Longevity in any sport – with the possible exception of golf – is always an occasion for surprise and celebration. Let’s face it, human bodies peak, and then there is a sure deterioration, which has little (cough, cough… no) chance of reversal due to any natural or unnatural means on this earth.

The fact that some athletes, who run their bodies like racecar drivers run their automobiles, are able to maintain their body’s performance after decades of misuse is astounding.

If more and more athletes are able to create longer careers, during which they are viable and thriving members of the teams of which they are part, then something must be changing in order to allow this to be possible.

Just off of the top of my head, there are several causes that the effect of longevity could be attributed to. First, the development of medicine in general and sports medicine in particular could have a lot to do with giving athletes’ bodies the chance to thrive longer than their predecessors.

Steroids, either through direct use or indirect absorption by simply eating the food that we are faced with on a daily basis, could also create “benefits” to the body that earlier athletes did not have.

Managerial tactics designed to prolong the life of an athlete for economic reasons – why burn up a pitcher in a few years by using them too often, when you’ll just have to buy and train a new one sooner? – could also help to lengthen the careers of these young men.
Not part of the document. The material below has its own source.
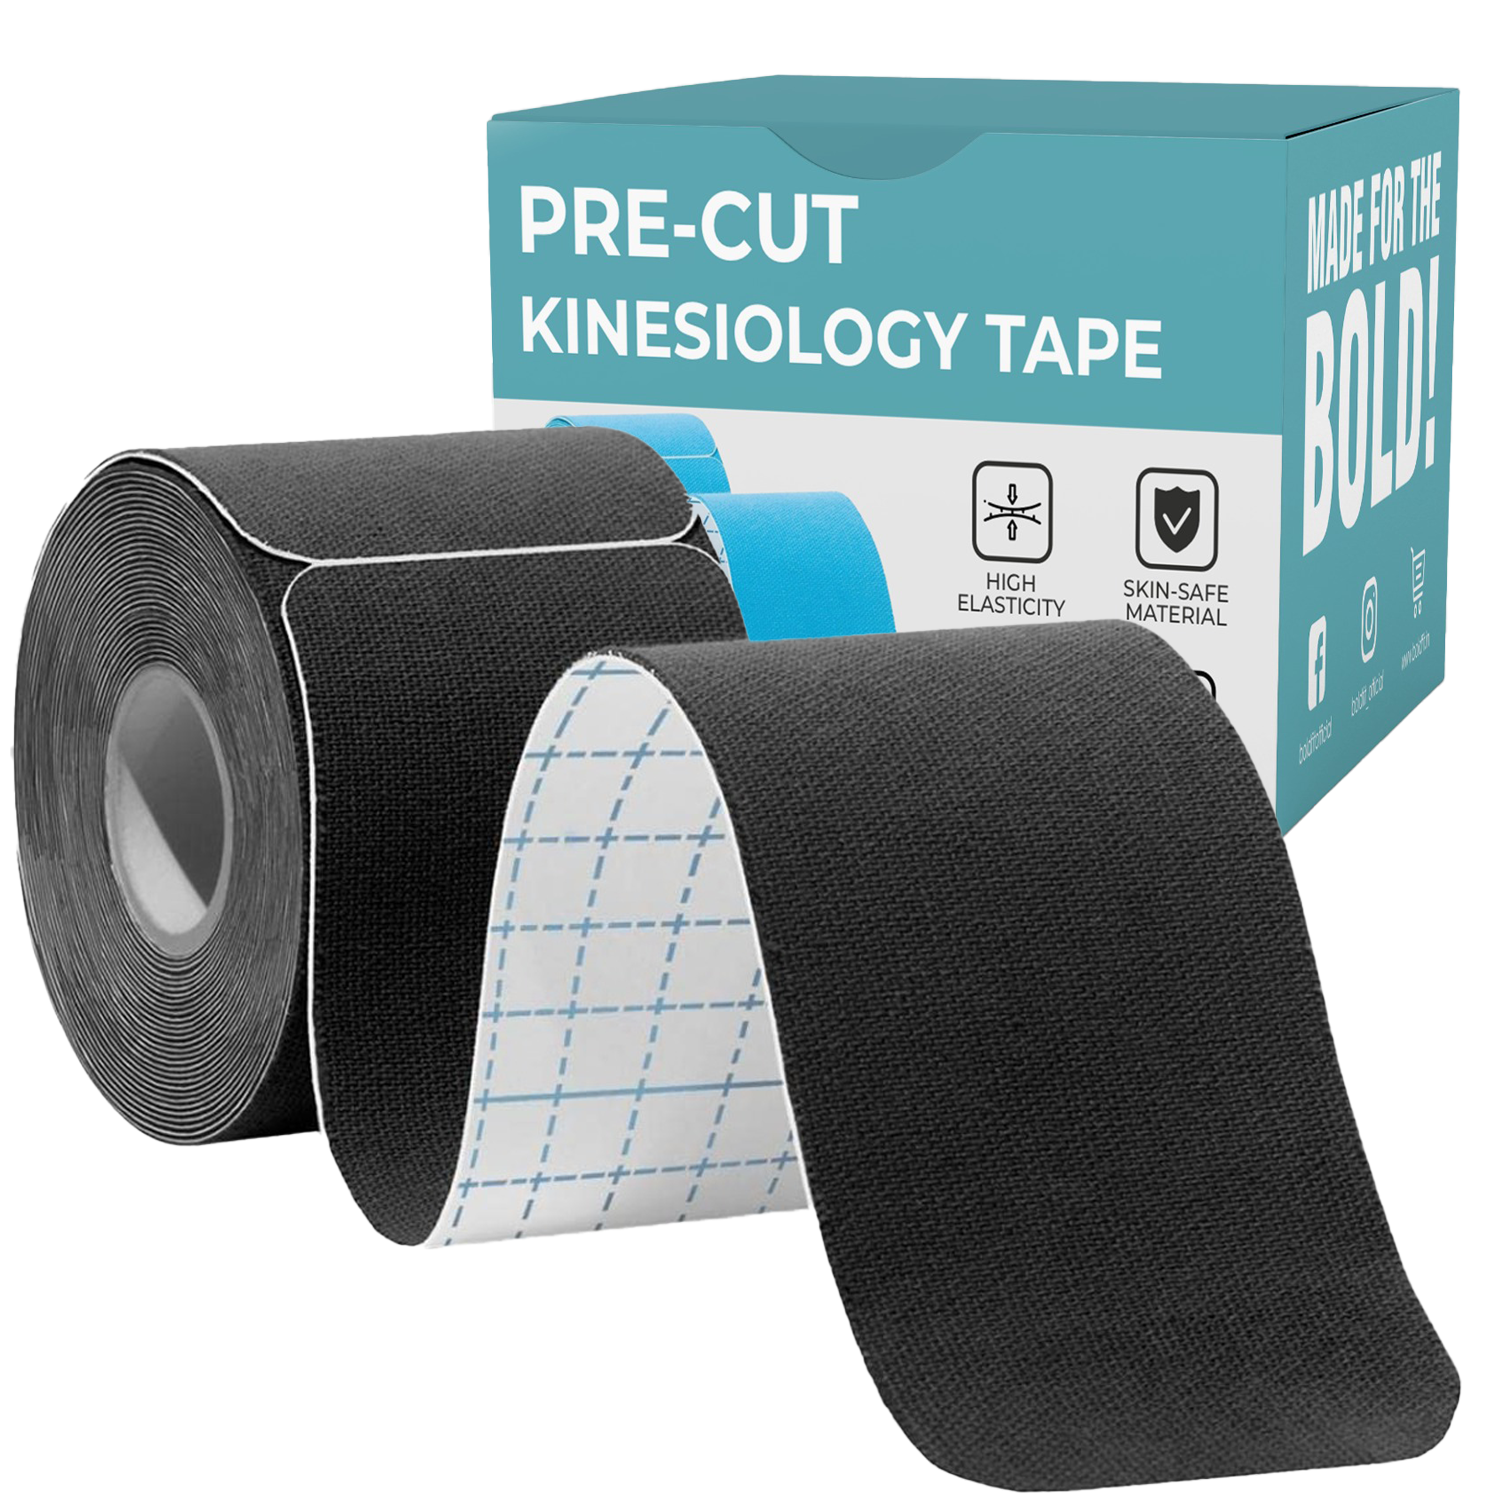 Precut Kinesiology Tape

The list goes on: new equipment, better transportation, the sheer desire to keep making money later into life, etc. But we shouldn’t forget that longevity has occurred often during the history of sports.

Mariano Rivera, pitcher for the New York Yankees, is 43 this year, and in his 19th season in the MLB.

But Satchel Paige – if you don’t know of Mr. Paige, I would recommend very strongly that you look him up – premiered in the MLB two days after his 42nd birthday in 1948, pitching for the Cleveland Indians as only the seventh African-American player to break the MLB color barrier.

Paige finished in 1959 with a 10-10 record (yes, he was 53 at the time), and he made major and minor league appearances until 1966, when his age was probably triple that of most of his teammates.

A couple of Paige’s oft-repeated quotations elucidate how he felt about his age.

“Age is a question of mind over matter. If you don’t mind, it doesn’t matter.”

And my personal favorite:

“Don’t look back. Something might be gaining on you.”